Make an exact copy, without pictures, of the lines below from the one containing "China Covered Bond" to the last line, both ends included.

▸ Given information
┌──
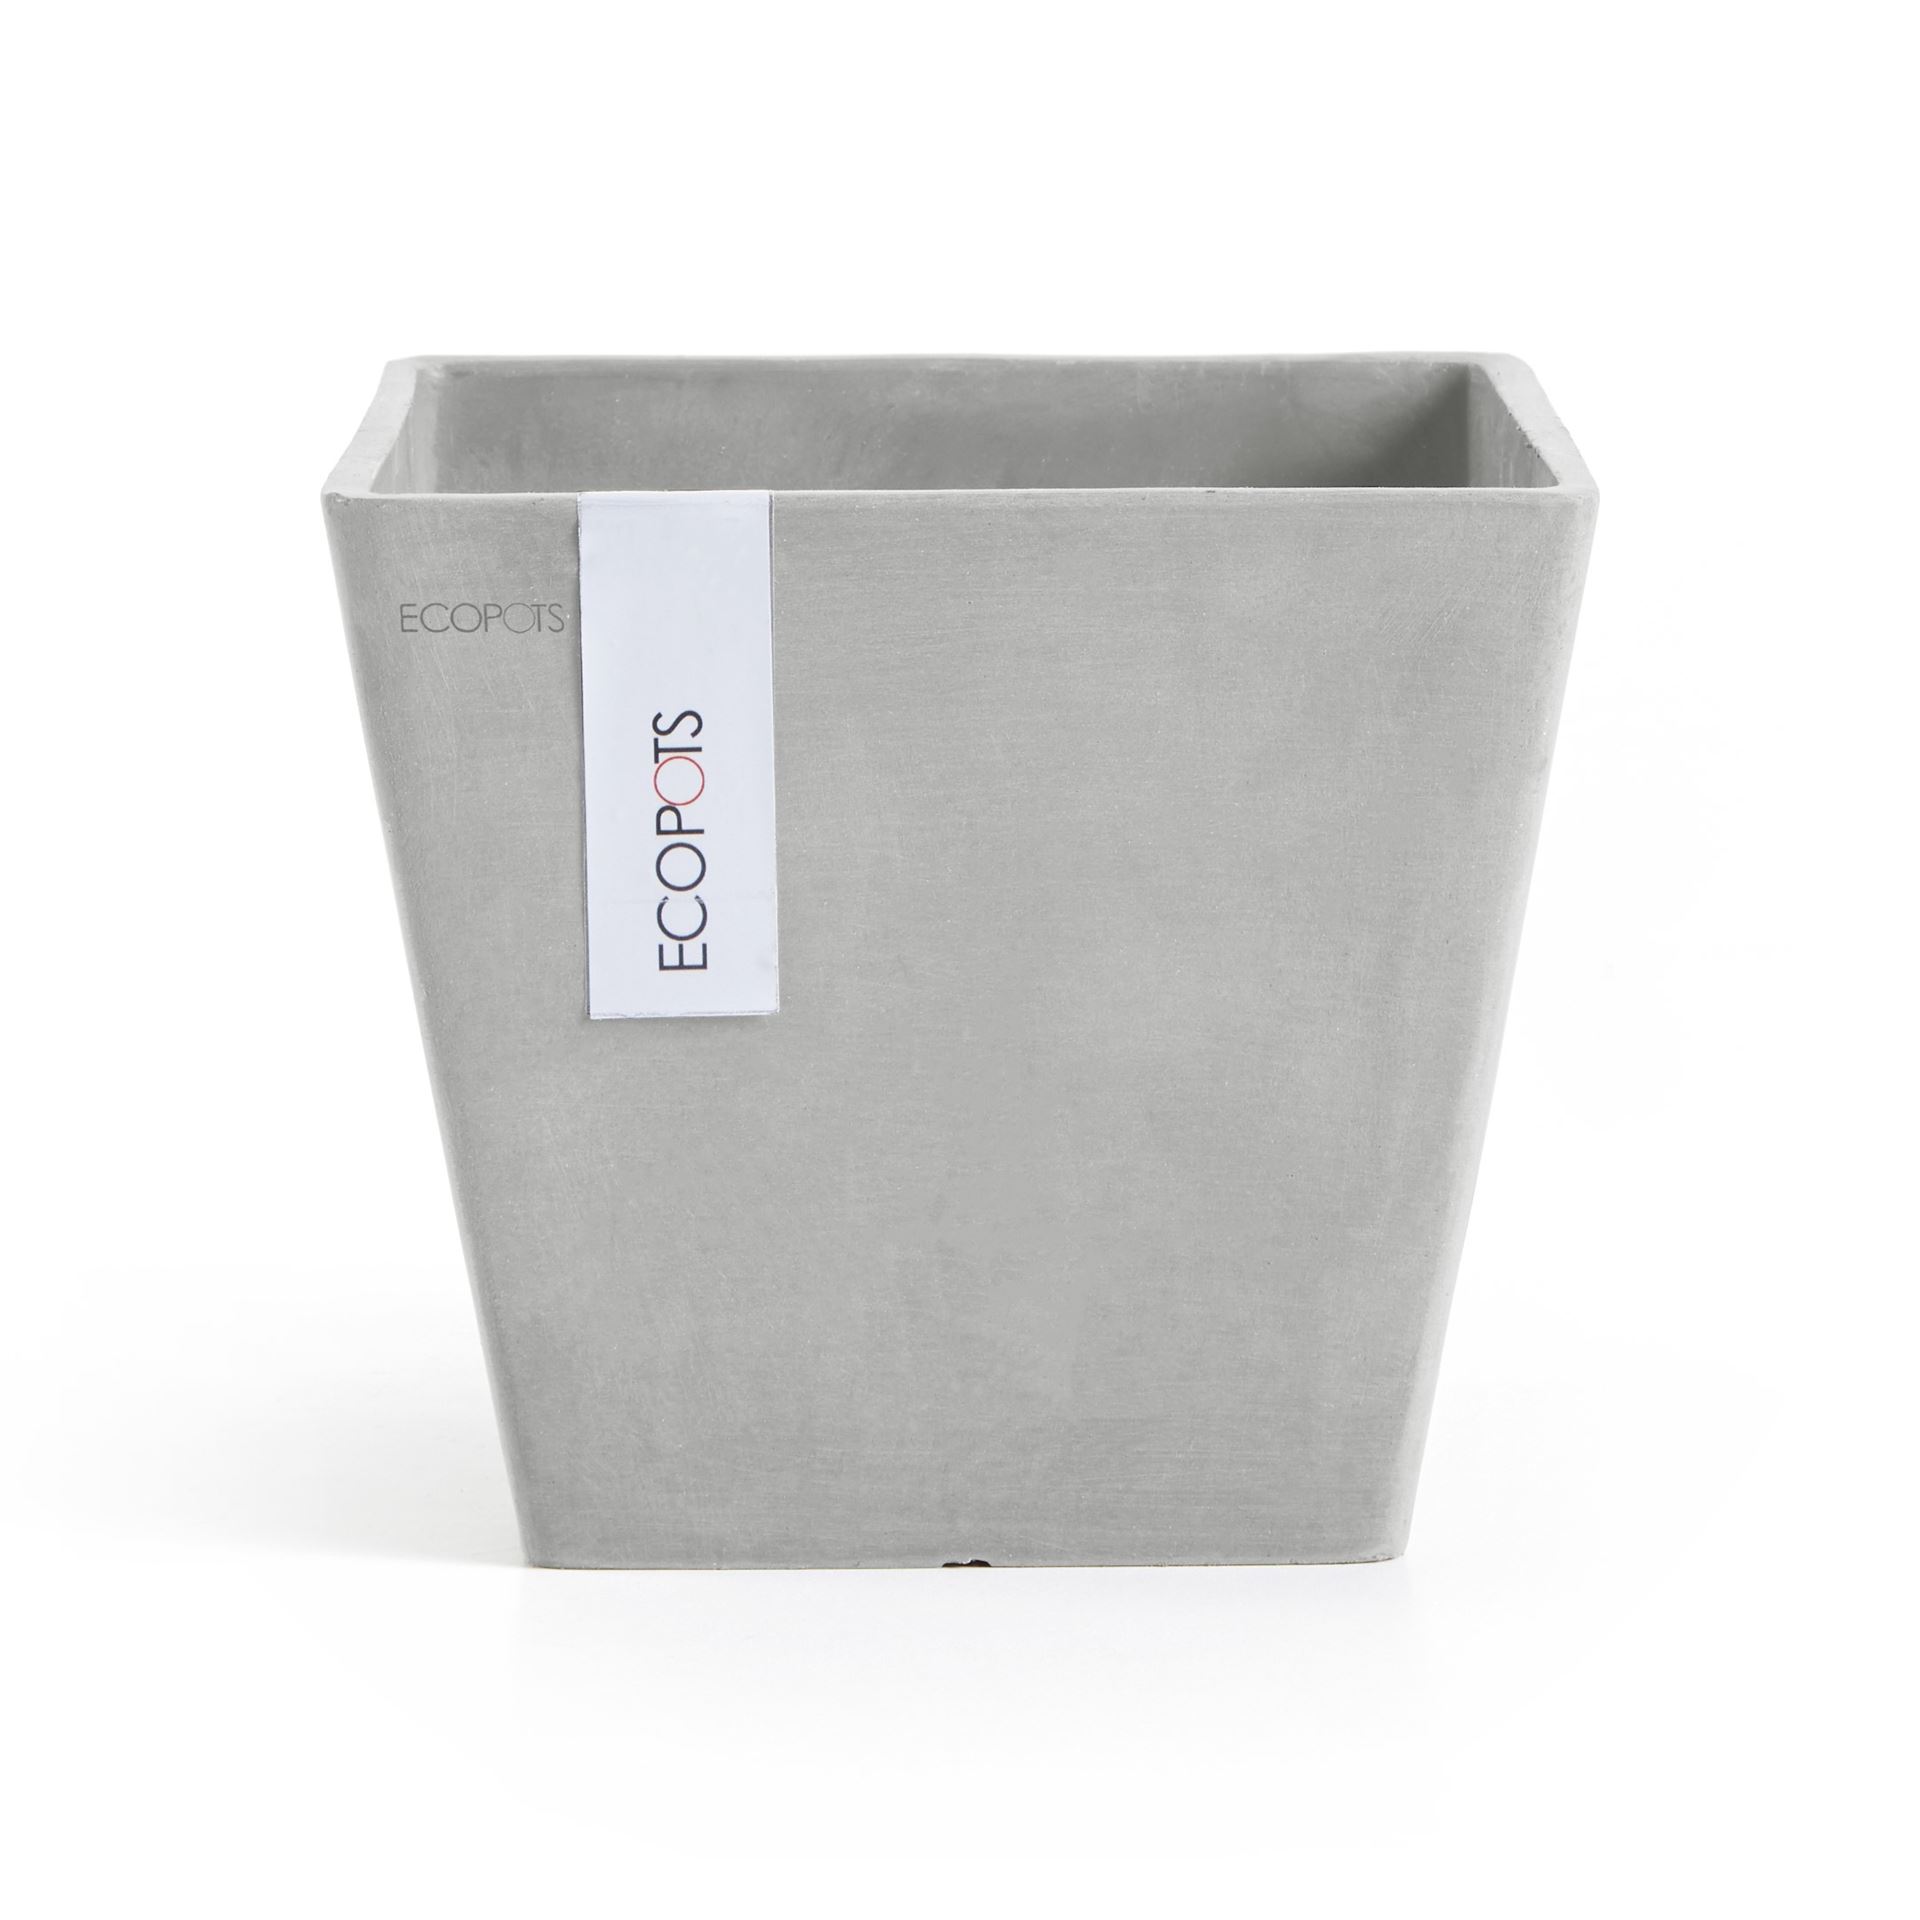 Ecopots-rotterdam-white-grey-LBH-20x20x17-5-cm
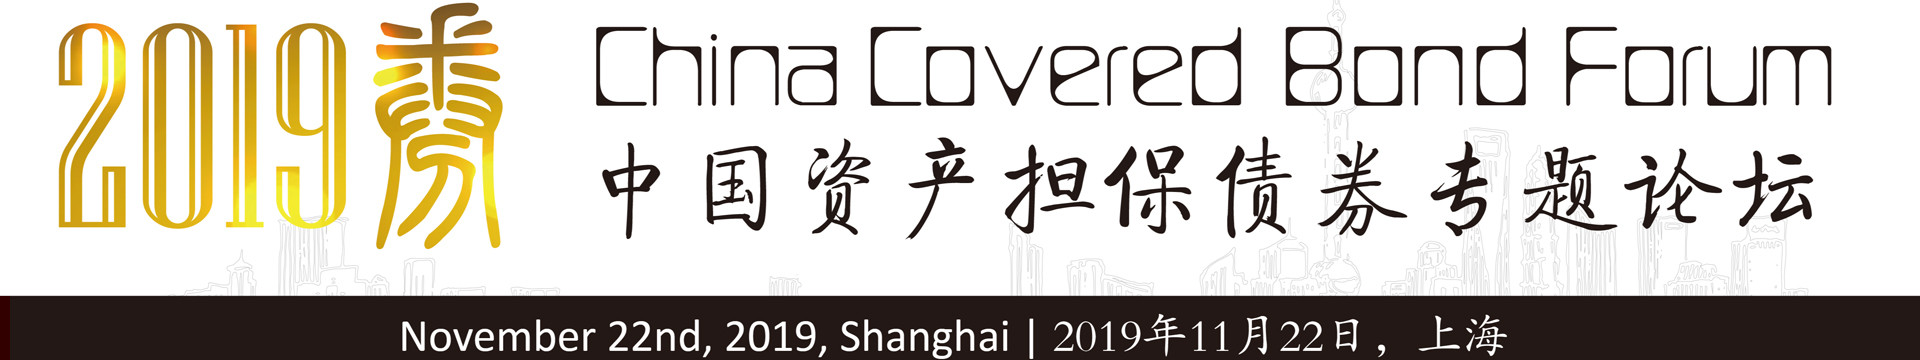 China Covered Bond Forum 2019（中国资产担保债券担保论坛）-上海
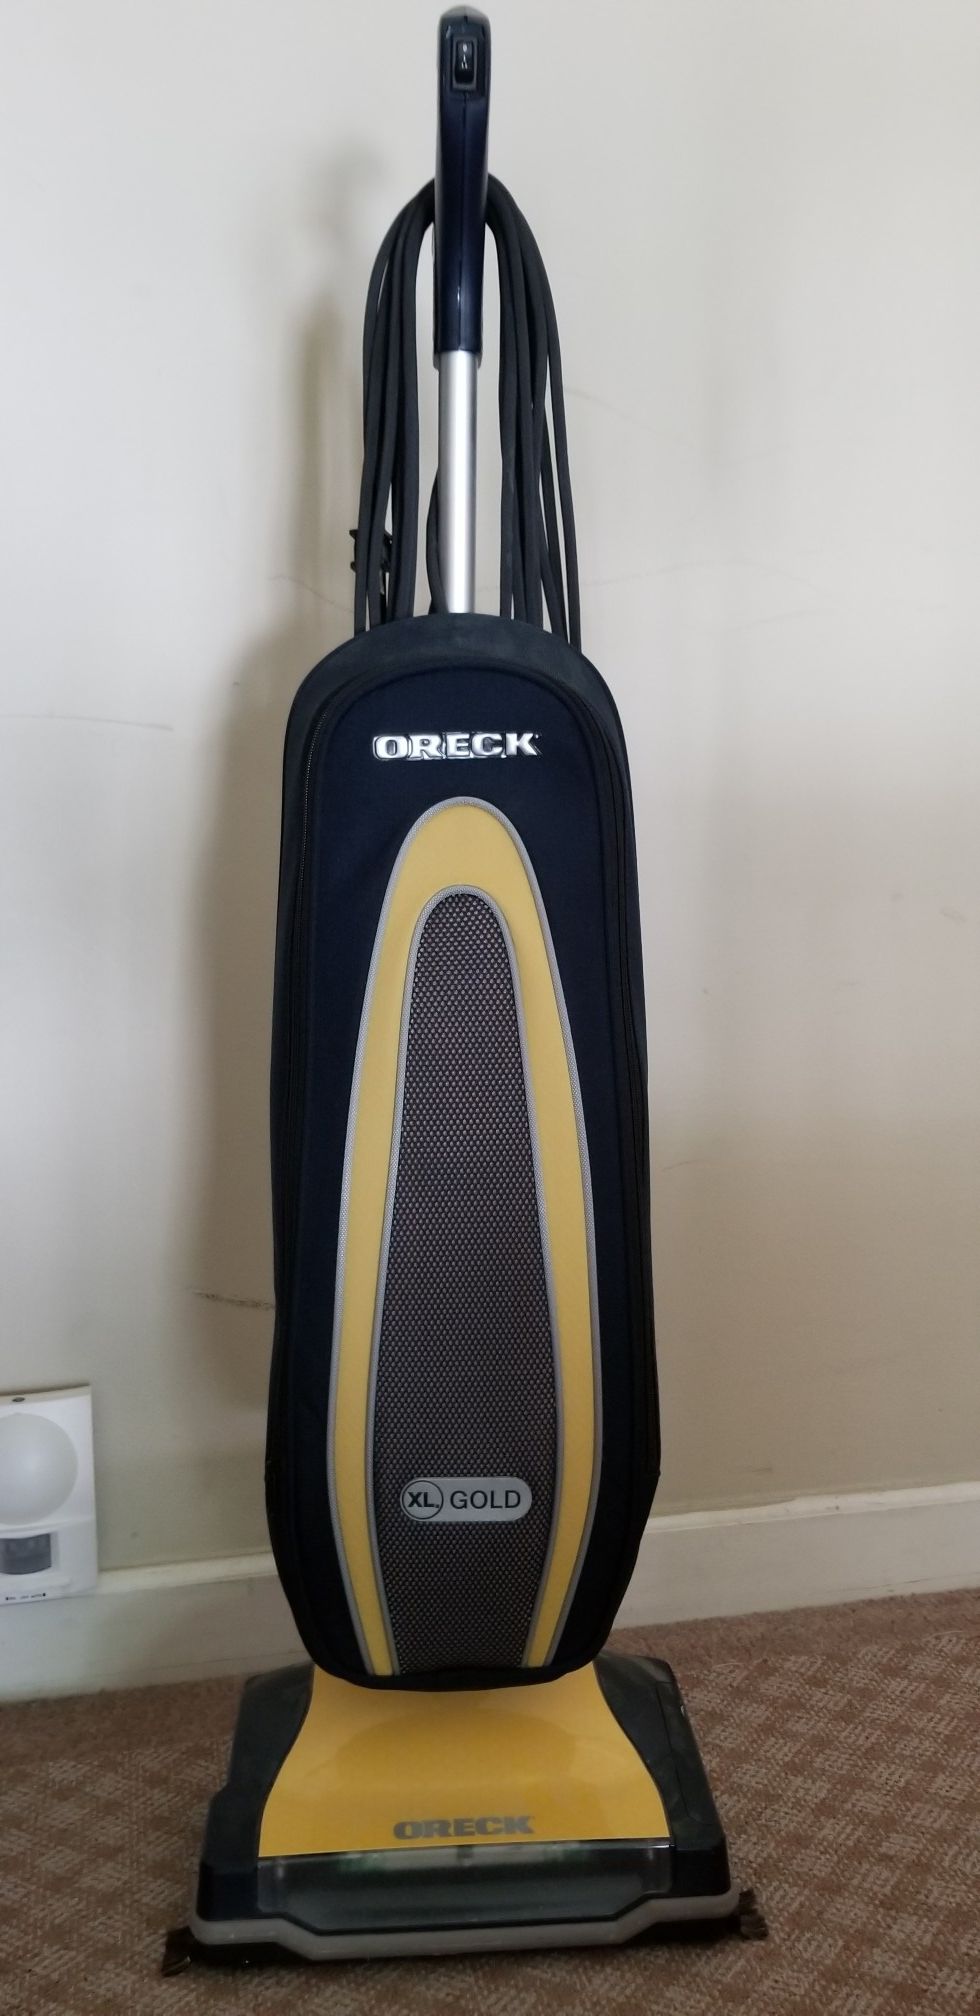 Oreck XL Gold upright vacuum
└──
▸ Solution to this task
 China Covered Bond Forum 2019（中国资产担保债券担保论坛）-上海
 Oreck XL Gold upright vacuum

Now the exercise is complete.